Все города континента, за исключением крайней западной точки, Поста, соединяются друг с другом железной дорогой. Причём ветку Верхоречье – Избенка проложили уже после закрытия Перехода, а одноколейку Избенка – Приволье и вовсе запустили в эксплуатацию в то время, когда мы с Дедом жили в Москве.
В отличие от колонии Ордена, здесь серьёзное внимание уделили автодорогам, хотя транспорта по ним бегало, пожалуй, на порядок меньше. Все города были соединены грейдированными шоссе, а от Химика до Магнитки и вовсе можно было добраться по асфальтированной трассе. Причём, длина дорог с асфальтовым покрытием продолжала расти. Этому способствует не только наличие нефтеперерабатывающих мощностей, но и менее разительная, чем на континенте Ордена, разница между сезонами. Хотя как оценивать. Кто-то скажет «способствует», а кто-то посчитает, что мешает…

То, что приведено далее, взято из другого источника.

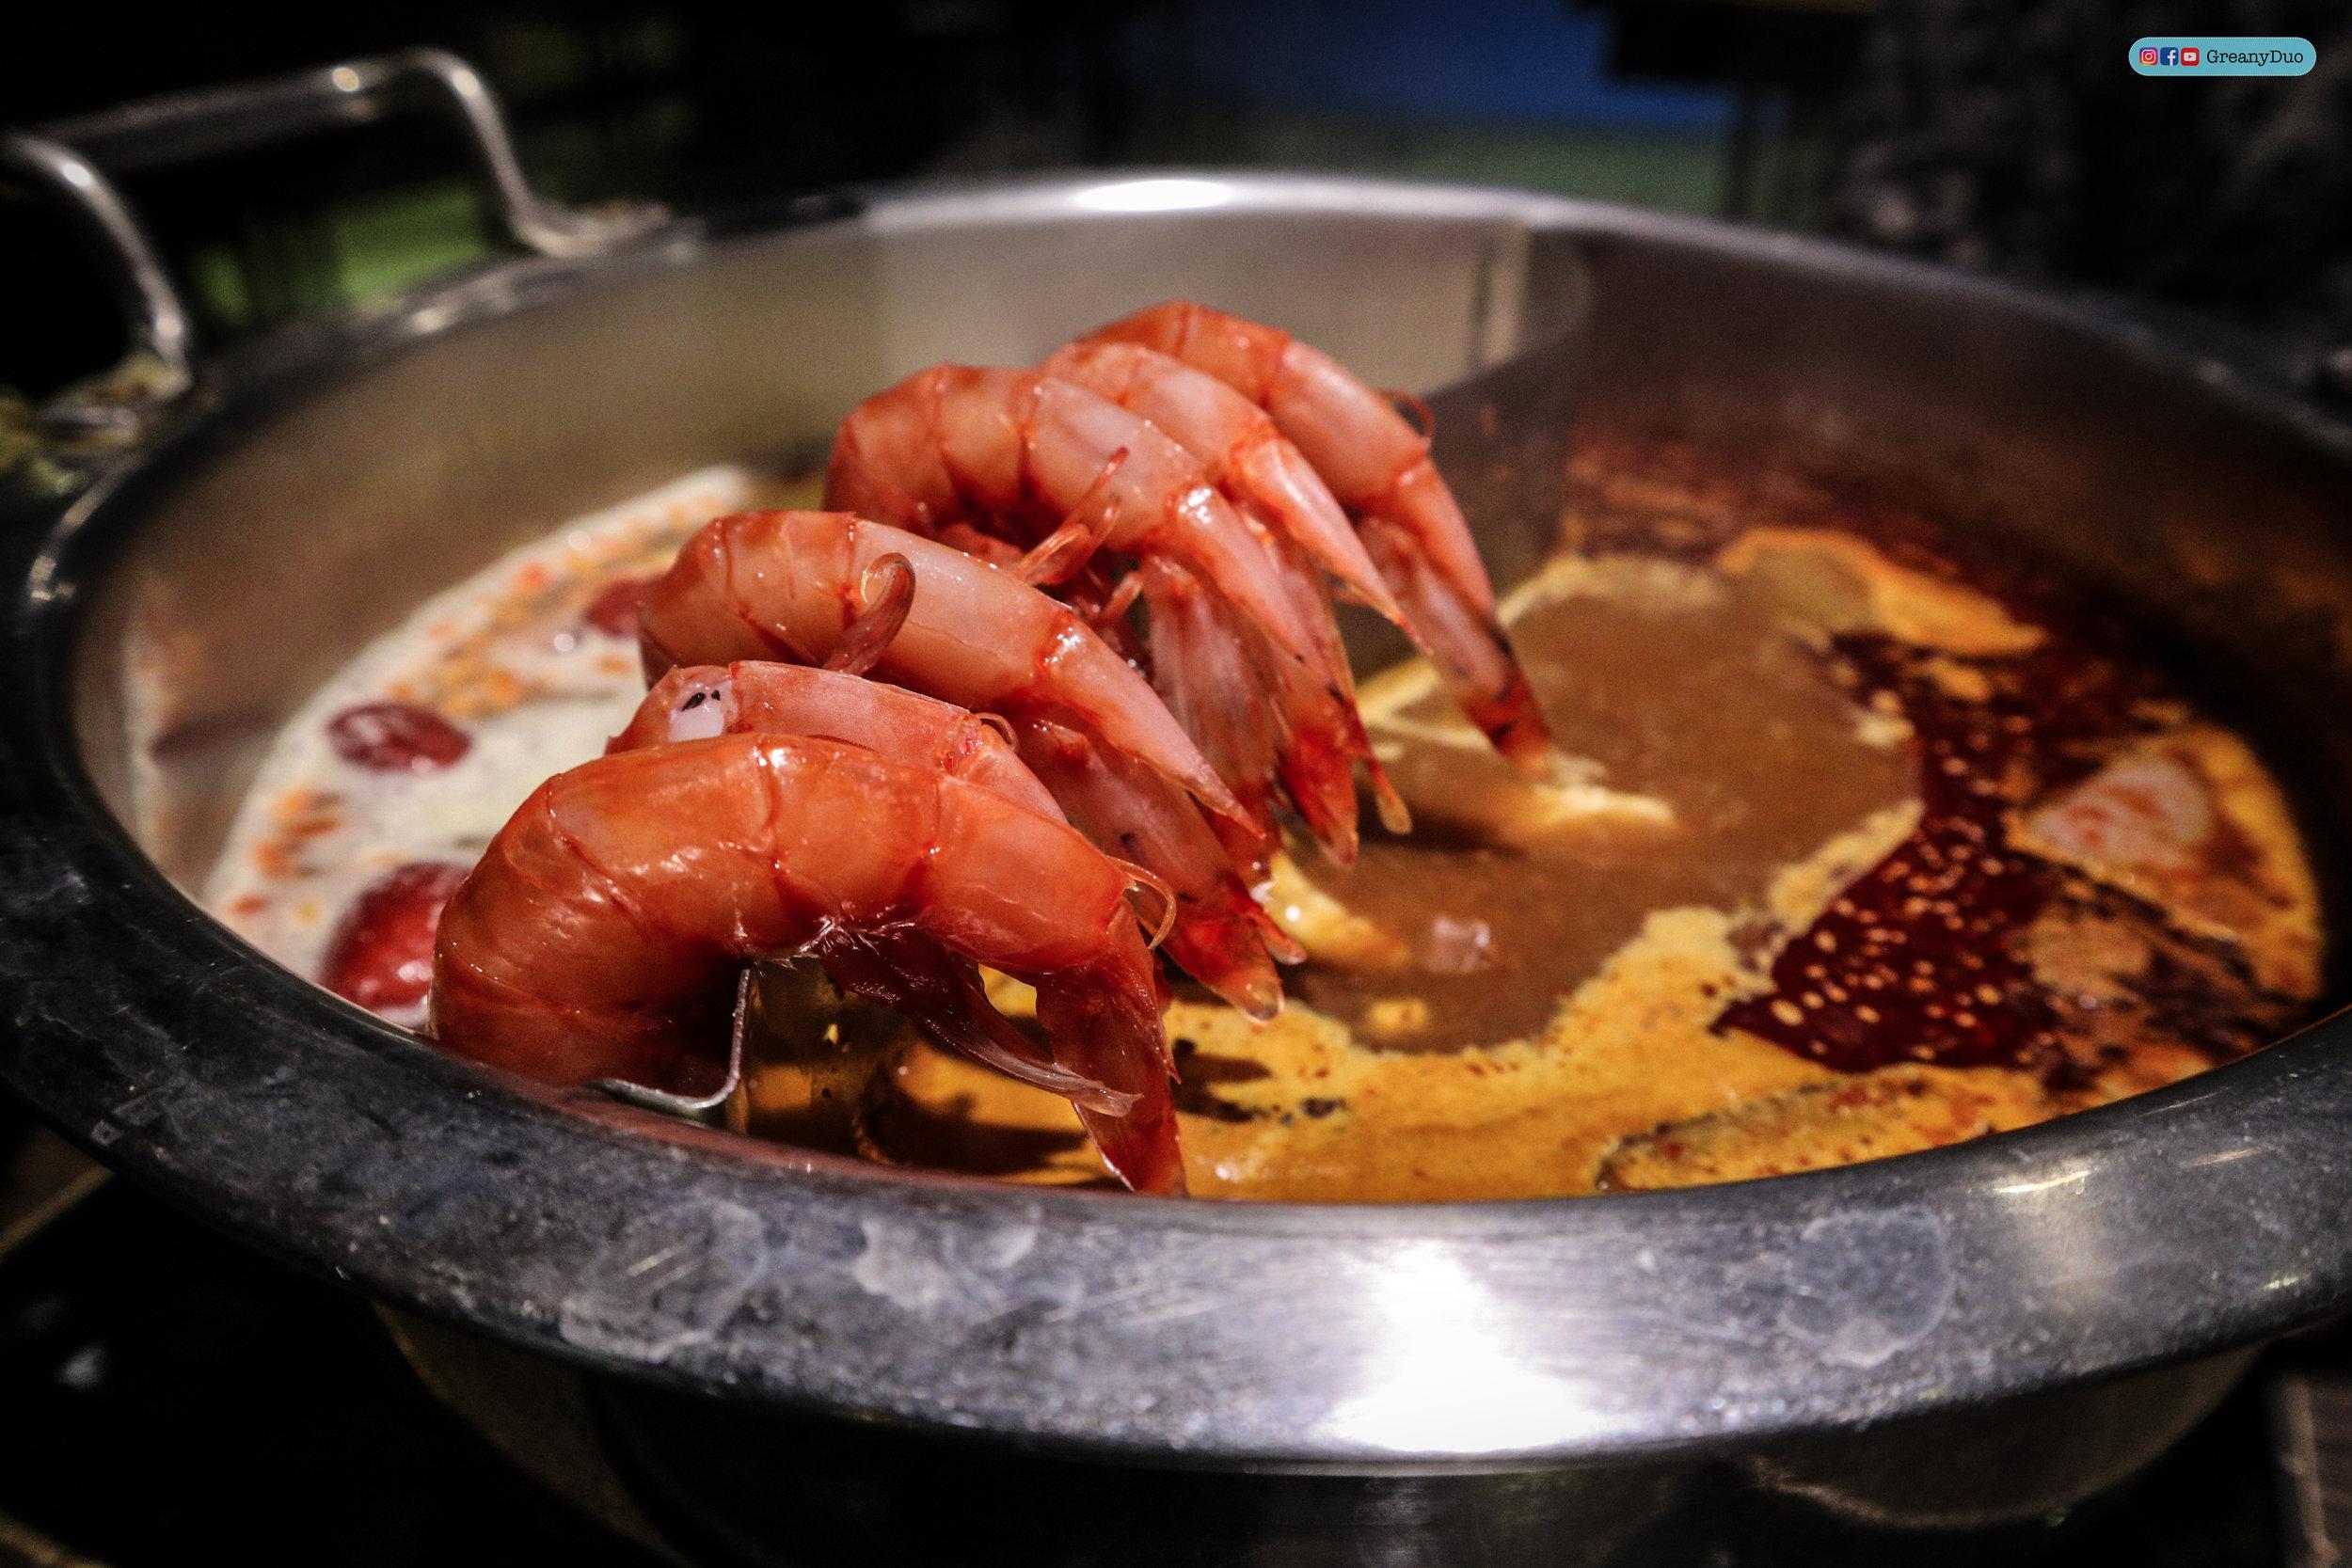 special shrimp at บุฟเฟ่ต์ชาบูไต้หวันที่ Hakkai Shabu Shabu ซีเหมินติง

Здесь не было столь ярко выраженных сухого и мокрого сезонов. Климат в Загорье как называют центральную и западную часть континента, скорее, походит на германский. С ноября становится прохладно, дождливо, а в период с середины декабря по конец января может выпадать снег. Там сильно сказывается влияние тёплого течения: тучи с осадками, окончательно выпадающими на западных склонах Барьерных и Становых гор, а также Широкого нагорья, всегда идут с запада. В том числе – и летом. Лишь незначительная их часть добирается до Советска, перевалив через пониженную часть Становых гор неподалёку от столицы.
Но самое «веселье» начинается, когда с юго-востока, из экваториальной зоны, к восточному побережью приходят тайфуны. Хотя основная их часть, приблизившись к побережью на 200-300 километров, поворачивает на 90 градусов и растворяется где-то в северо-восточных районах Холодного океана, иногда случается, что центр тайфуна добирается до Становых гор или Широкого нагорья. И тогда дождь льёт ничуть не слабее, чем в Порто-Франко в разгар мокрого сезона, а ураганные ветры валят деревья и заборы, сносят крыши с домов. Хорошо, что это продолжается всего 2-3 дня, а не 2-3 месяца.
Сезон тайфунов длится с середины мая по конец октября. Но это вовсе не значит, что они иду один за другим. Обычно за месяц в среднем приходит один-два таких урагана, хотя Иван Андреевич вспоминал, как лет пятнадцать назад в сентябре они наведывались пять раз. А перед этим целых полтора месяца стояла идеальная погода.
Вот и сейчас Максим Георгиевич по четыре раза на дню бегал в рубку, чтобы проверить, не начало ли падать атмосферное давление. По его словам, последний тайфун был зафиксирован более 20 дней назад, и его центр повернул на северо-восток всего в ста пятидесяти километрах от мыса Нос. При этом в Советске сила ветра достигала 15 метров в секунду, а на побережье полуострова доходила до тридцати пяти. После этого мне стало понятно, почему на погранпункте острова Тонкий все здания, включая будочку дежурного по причалу, были из кирпича, а не из более удобных для подобных сооружений деревянных щитов.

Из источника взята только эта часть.